Current Italian and European guidelines recommend the novel beta-lactams/beta-lactamase inhibitors as first-line agents for the treatment of severe infections caused by carbapenemase-producing Gram-negative pathogens [4,5]. However, meropenem still remains a valuable option in the context of extended-spectrum beta-lactamases (ESBLs)-producing Enterobacterales [6,7], as well as for susceptible strains of Pseudomonas aeruginosa or Acinetobacter baumannii [6,8].
Meropenem has time-dependent bactericidal activity, and its efficacy is related to the duration of time the serum concentration is above the minimum inhibitory concentration (MIC) of the micro-organism (time above MIC) for at least 40% of the dosing interval [9]. However, in critically ill patients and/or immunocompromised subjects, more aggressive pharmacodynamic targets of efficacy up to 100% t > 4–6 × MIC are currently advocated for maximizing efficacy [10] and preventing the development of resistance [11].
The attainment of such higher pharmacodynamic targets may be facilitated by the use of 24 h-continuous infusion (CI) administration. Considering that meropenem is mainly excreted as an unmodified drug by the renal route, the calculation of the daily dose that is necessary for attaining the pharmacodynamic efficacy target should be based on patient’s glomerular filtration rate (GFR) [12,13,14]. Measured creatinine clearance (mCLCR) should be approached as the best surrogate of GFR, but this could be time- and resource-consuming. That is why GFR is frequently estimated nowadays by means of validated mathematical formulas, such as the Cockcroft–Gault (CG) formula, the chronic kidney disease epidemiology collaboration (CKD-EPI) formula, and the modification of diet in renal disease (MDRD) formula. However, such formulas were not assessed and validated specifically in the critical care setting, so that estimated glomerular filtration rate (eGFR) based on them could deviate consistently from mCLCR, thus, leading to drug underdosing or overdosing.
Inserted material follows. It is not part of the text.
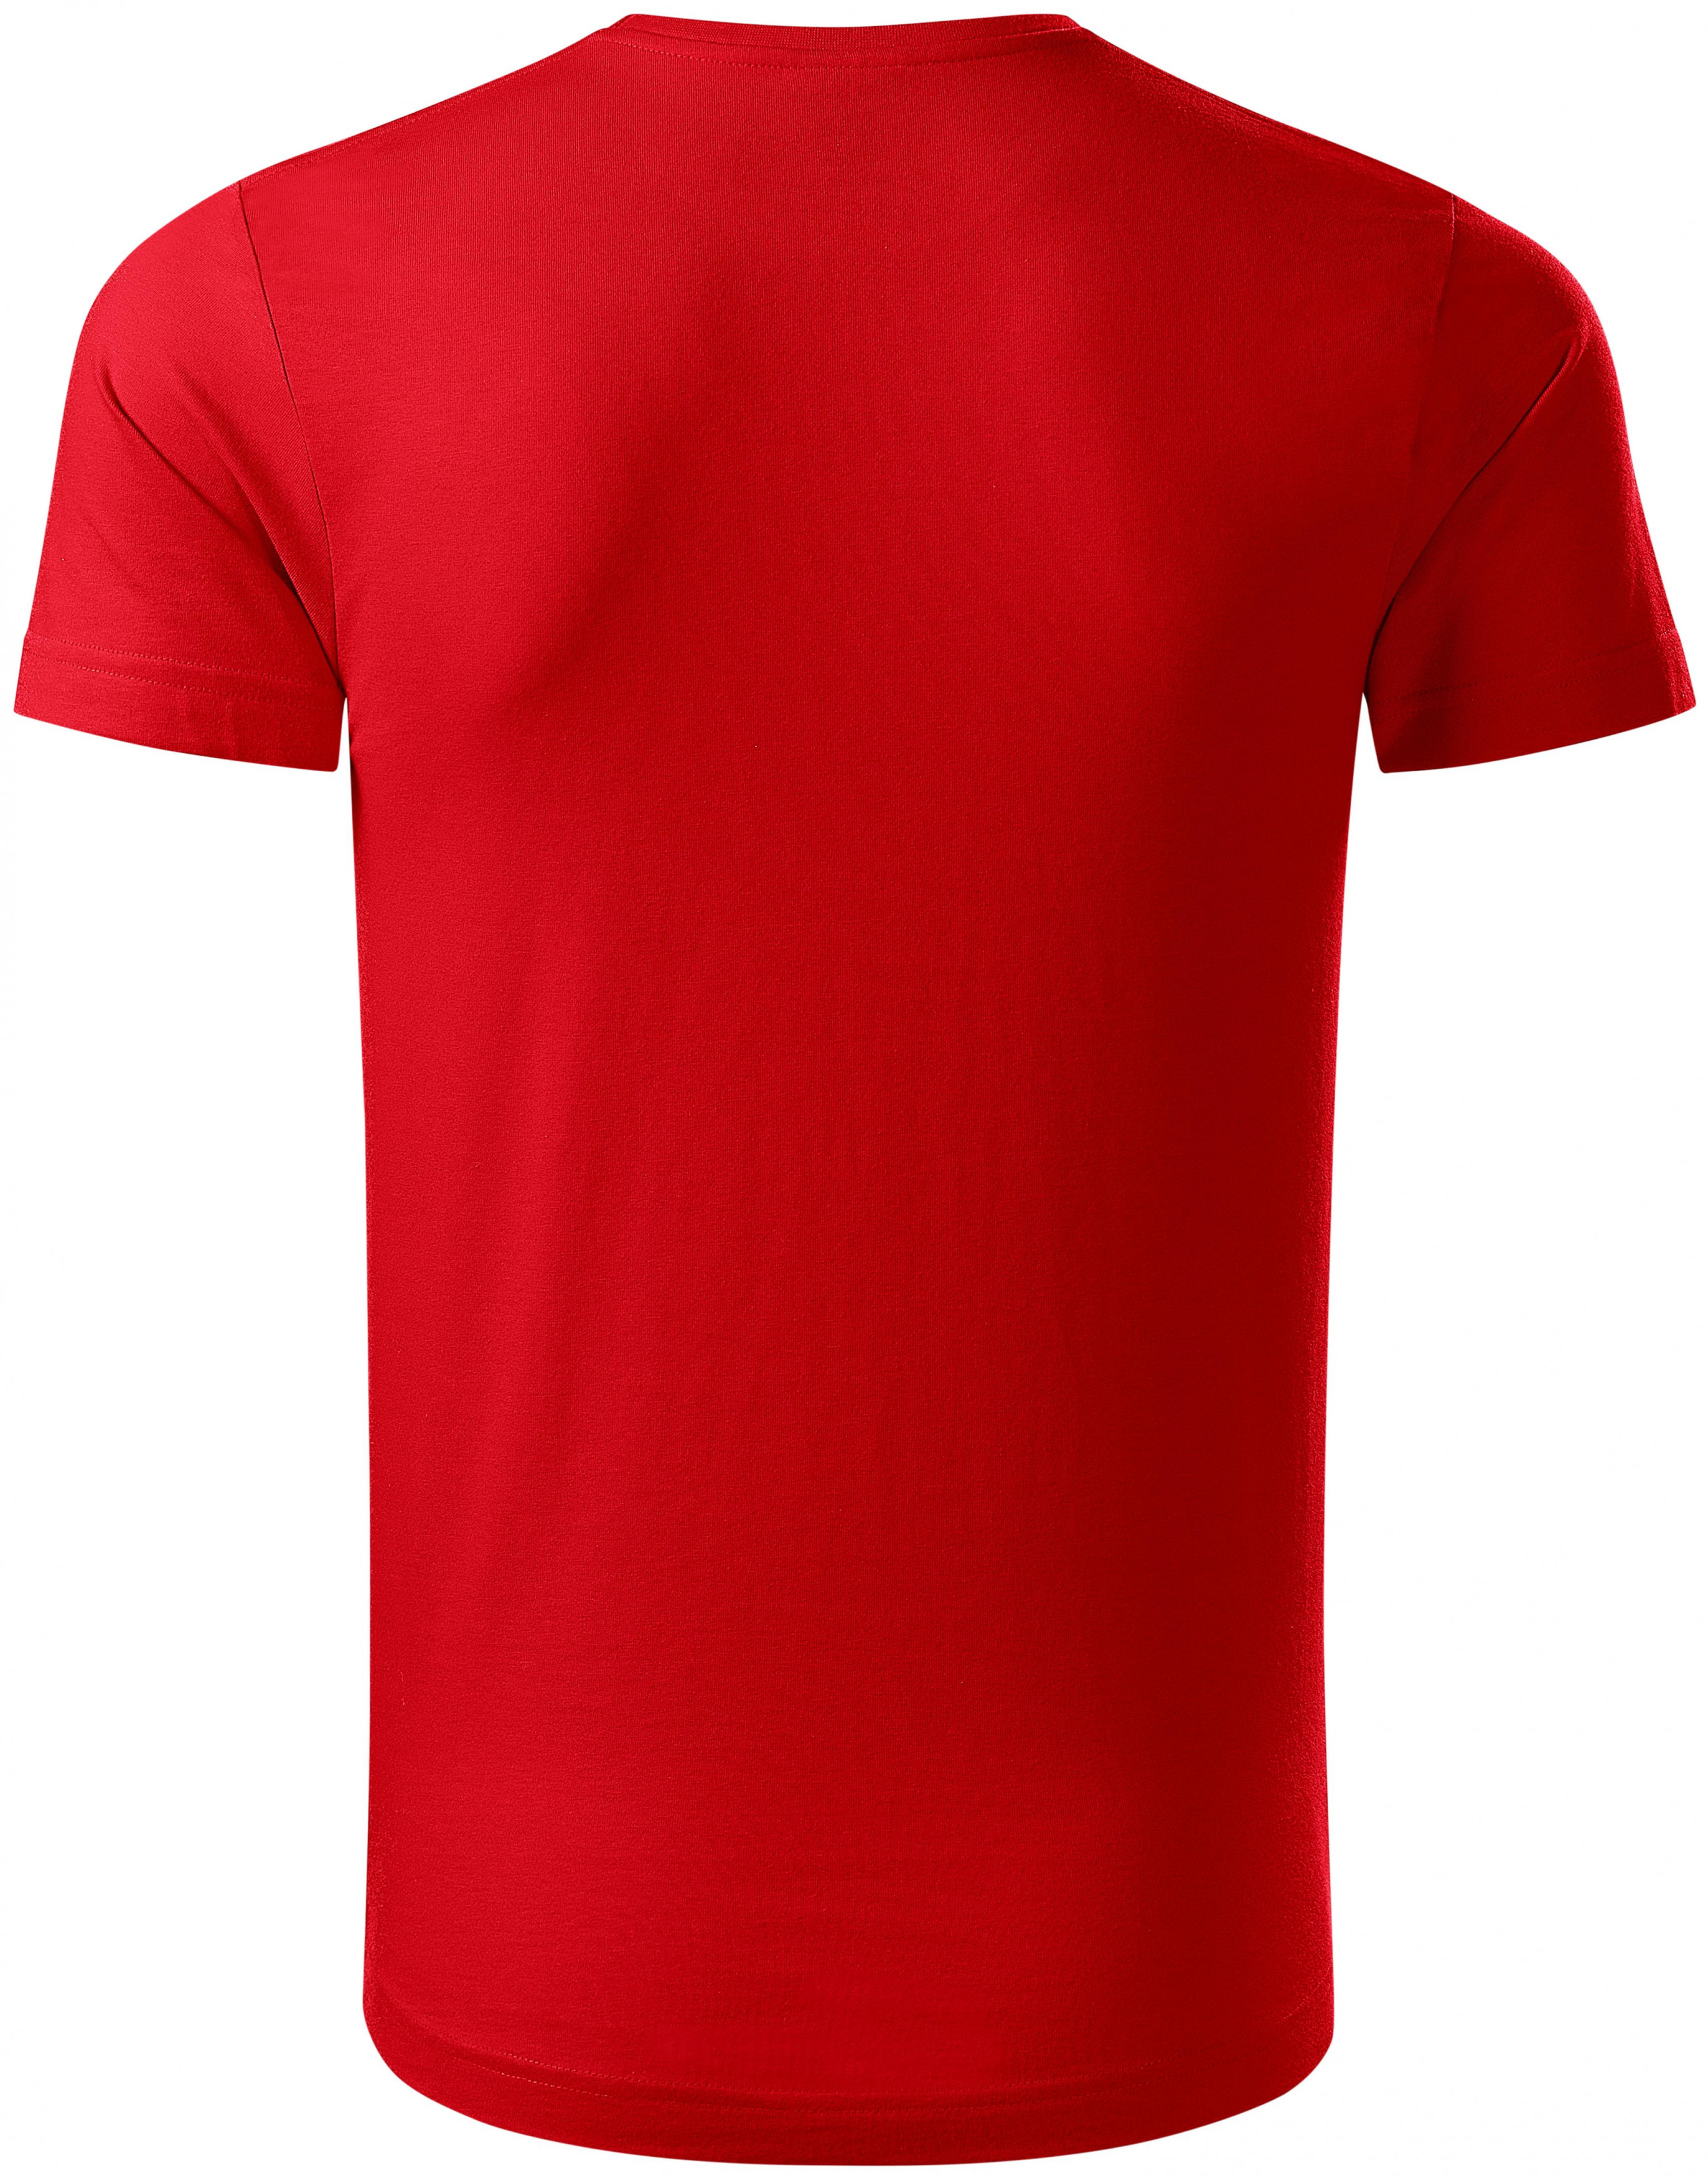 Pánske tričko, organická bavlna, červená, S

The aim of this study was to evaluate whether eGFR based on CG, CKDEPI, and MDRD equations could be as reliable as mCLCR or not in calculating the daily dose of 24 h-CI meropenem for properly treating nosocomial infections in a cohort of critically ill patients.

2. Materials and Methods

This retrospective monocentric study was conducted among critically ill patients admitted to the post-transplant Intensive Care Unit of the IRCCS Azienda Ospedaliero-Universitaria di Bologna, Italy, in the period December 2020–January 2022. All of the included patients received 24 h-CI of meropenem and underwent real-time therapeutic drug monitoring (TDM) for optimizing empirical or targeted treatment of Gram-negative infections.
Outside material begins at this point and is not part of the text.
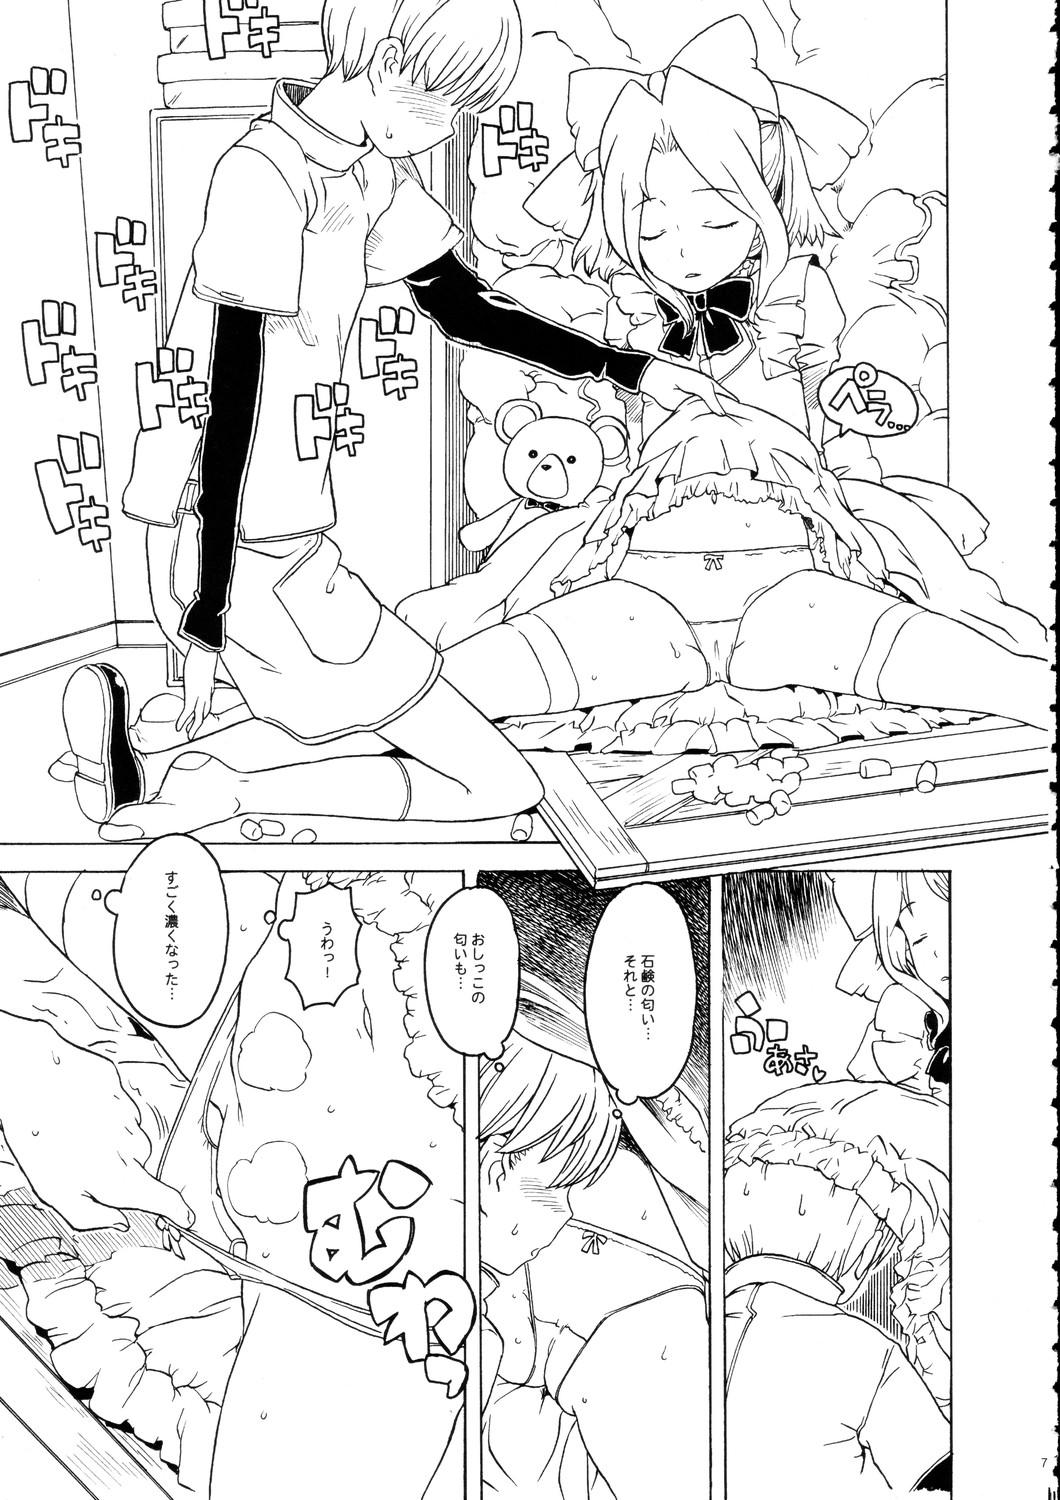 Ball Busting Minna Igai no Neta Vol 2 - Sakura taisen Di gi charat Lucu lucu Pussysex - Page 7

The following demographic and clinical data were collected from each patient’s medical record: age, gender, weight, height, type and site of infection. Patients undergoing renal replacement therapy were excluded.
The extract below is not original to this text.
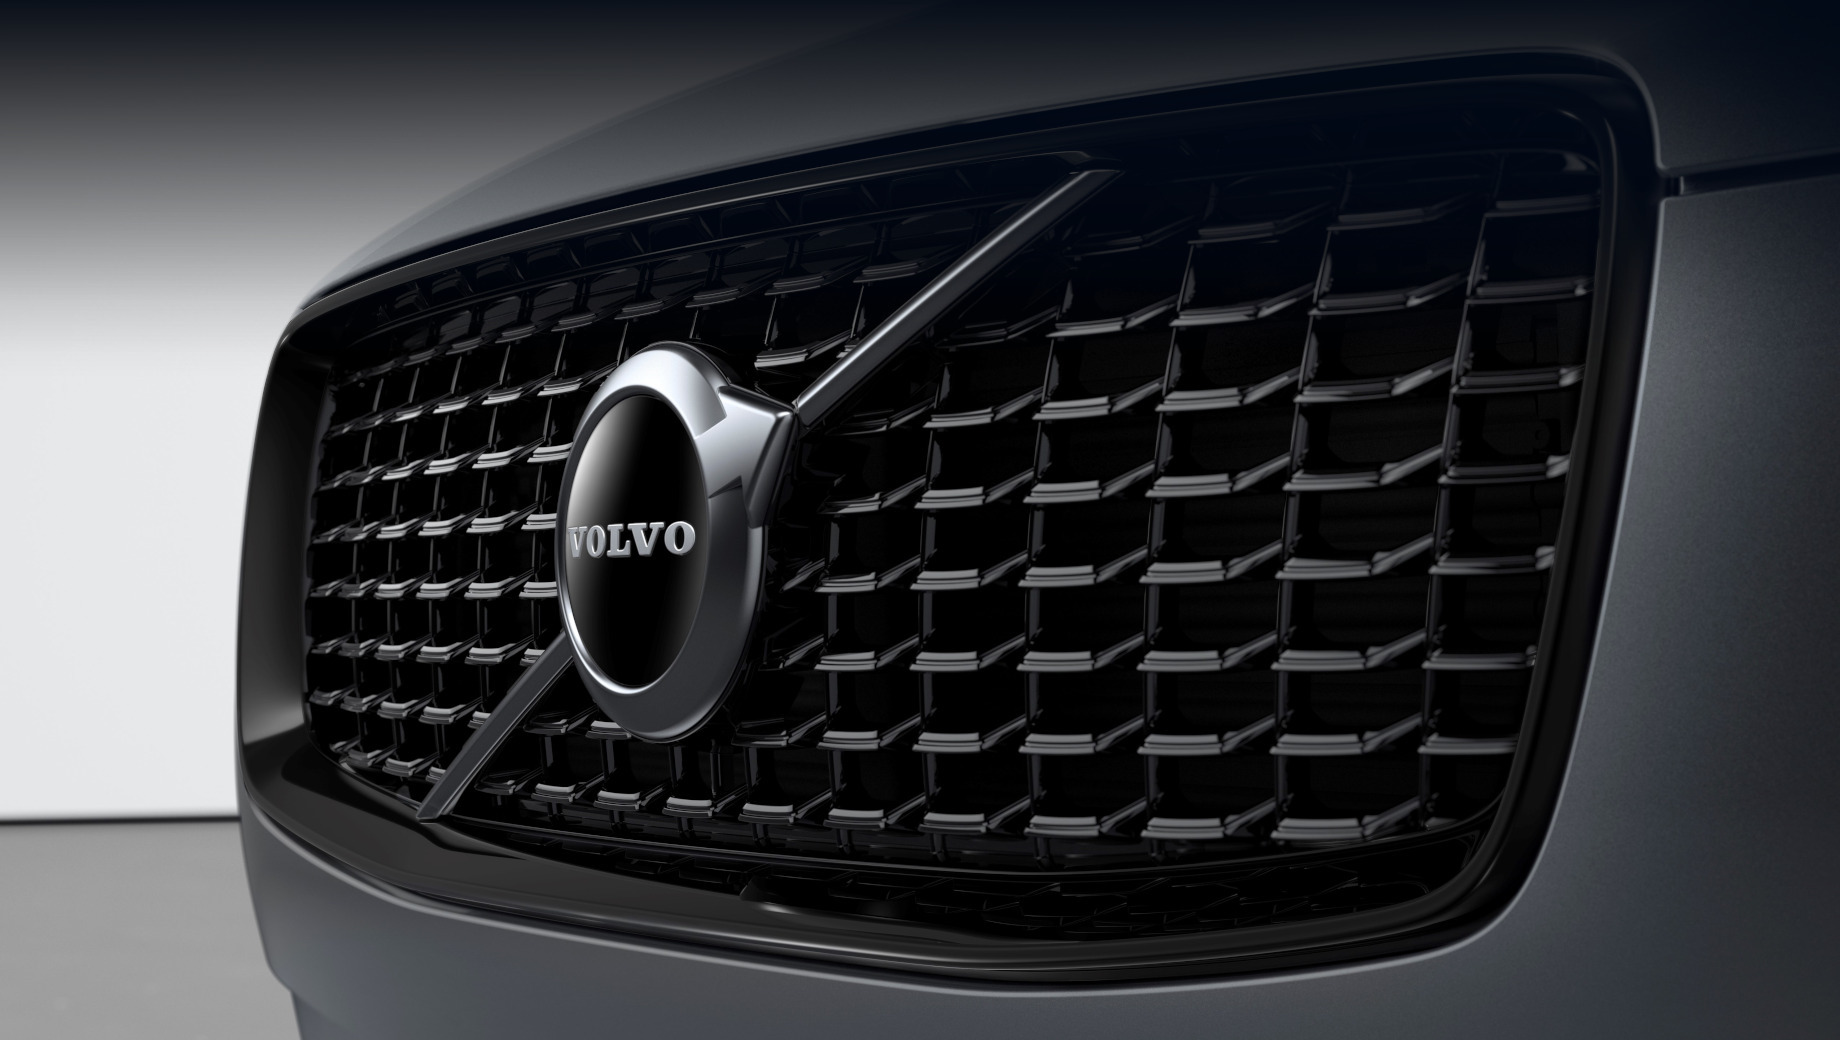 Volvo xc90,Volvo xc100. Словом Recharge, согласно проведённой прошлой осенью реформе индексов, Volvo обозначает как гибридные модели с зарядкой от сети, так и чистые электрокары. В случае с флагманским паркетником XC100 речь о втором варианте.

Meropenem therapy was started with a loading dose of 2 g over 2 h and continued with a maintenance dose initially based on the patient’s renal function (ranging from 1 g q6h over 6 h to 0.25 g q6h over 6 h) and subsequently optimized by means of TDM coupled with expert clinical pharmacological advice (ECPA). Stability of 24 h-CI meropenem was granted by reconstitution of the aqueous solution every 6–8 h with infusion over 6–8 h [15].
TDM of meropenem was performed within 48–72 h from the starting treatment and then reassessed every 48–72 h. Peripheral venous blood samples were centrifugated, and plasma was then separated. Meropenem plasma concentrations were analyzed by means of a liquid chromatography-tandem mass spectrometry (LC–MS/MS) commercially available method (Chromsystems Instruments & Chemicals GmbH, Munich, Germany), with a lower limit of detection of 0.3 mg/L. The desired pharmacodynamic target of meropenem efficacy was set at a steady state concentration (Css) to MIC (Css/MIC) ratio of 4–8 [13].
At each TDM assessment, mCLCR (mL/min) was performed and calculated as follows:
mCL CR = U CR × U Volume S CR × T
where UCR is the urinary creatinine concentration (mg/dL), UVolume is the urinary volume (mL), SCR is the serum creatinine concentration (mg/dL), and T is the 24 h collection time (equal to 1440 min). Creatinine was measured both in serum and urine by enzymatic assay.
Patients with mCLCR < 30 mL/min/1.73 m2 were defined as having an episode of acute kidney injury (AKI), whereas those with mCLCR ≥ 130 mL/min/1.73 m2 were defined as having an episode of augmented renal clearance (ARC).
Instead, eGFR was assessed by means of three different formulas: the Cockcroft and Gault formula (eGFRCG) [16], the CKD-EPI formula (eGFRCKDEPI) [17], and the MDRD formula (eGFRMDRD) [18].
A multistep approach was used to assess whether the eGFR calculated by means of the aforementioned formulas could be considered as reliable as the mCLCR for properly calculating the daily meropenem dosages needed for optimal treatment for the critically ill patients.
First, meropenem total clearance (CLM) was calculated in each single patient by means of the following equation:
CL M = IR C ss
where CLM is the meropenem clearance (L/h), IR is the hourly meropenem infusion rate (mg/h), and Css is the meropenem steady-state plasma concentration (mg/L).
Second, linear regression between CLM and mCLCR was performed.
Third, the meropenem daily dosing regimen was estimated by means of the mCLCR. For doing so, being meropenem IR (mg/h) = CLM × Css, CLM was expressed as a function of mCLCR by means of following equation of linear regression: CLM = a + b × mCLCR (where a and b are the intercept and slope, respectively). In this way,
meropenem daily IR-mCLCR (mg/24 h) = [a + b × mCLCR] × Css × 24
where daily IR-mCLCR is the daily meropenem infusion rate (mg/24 h).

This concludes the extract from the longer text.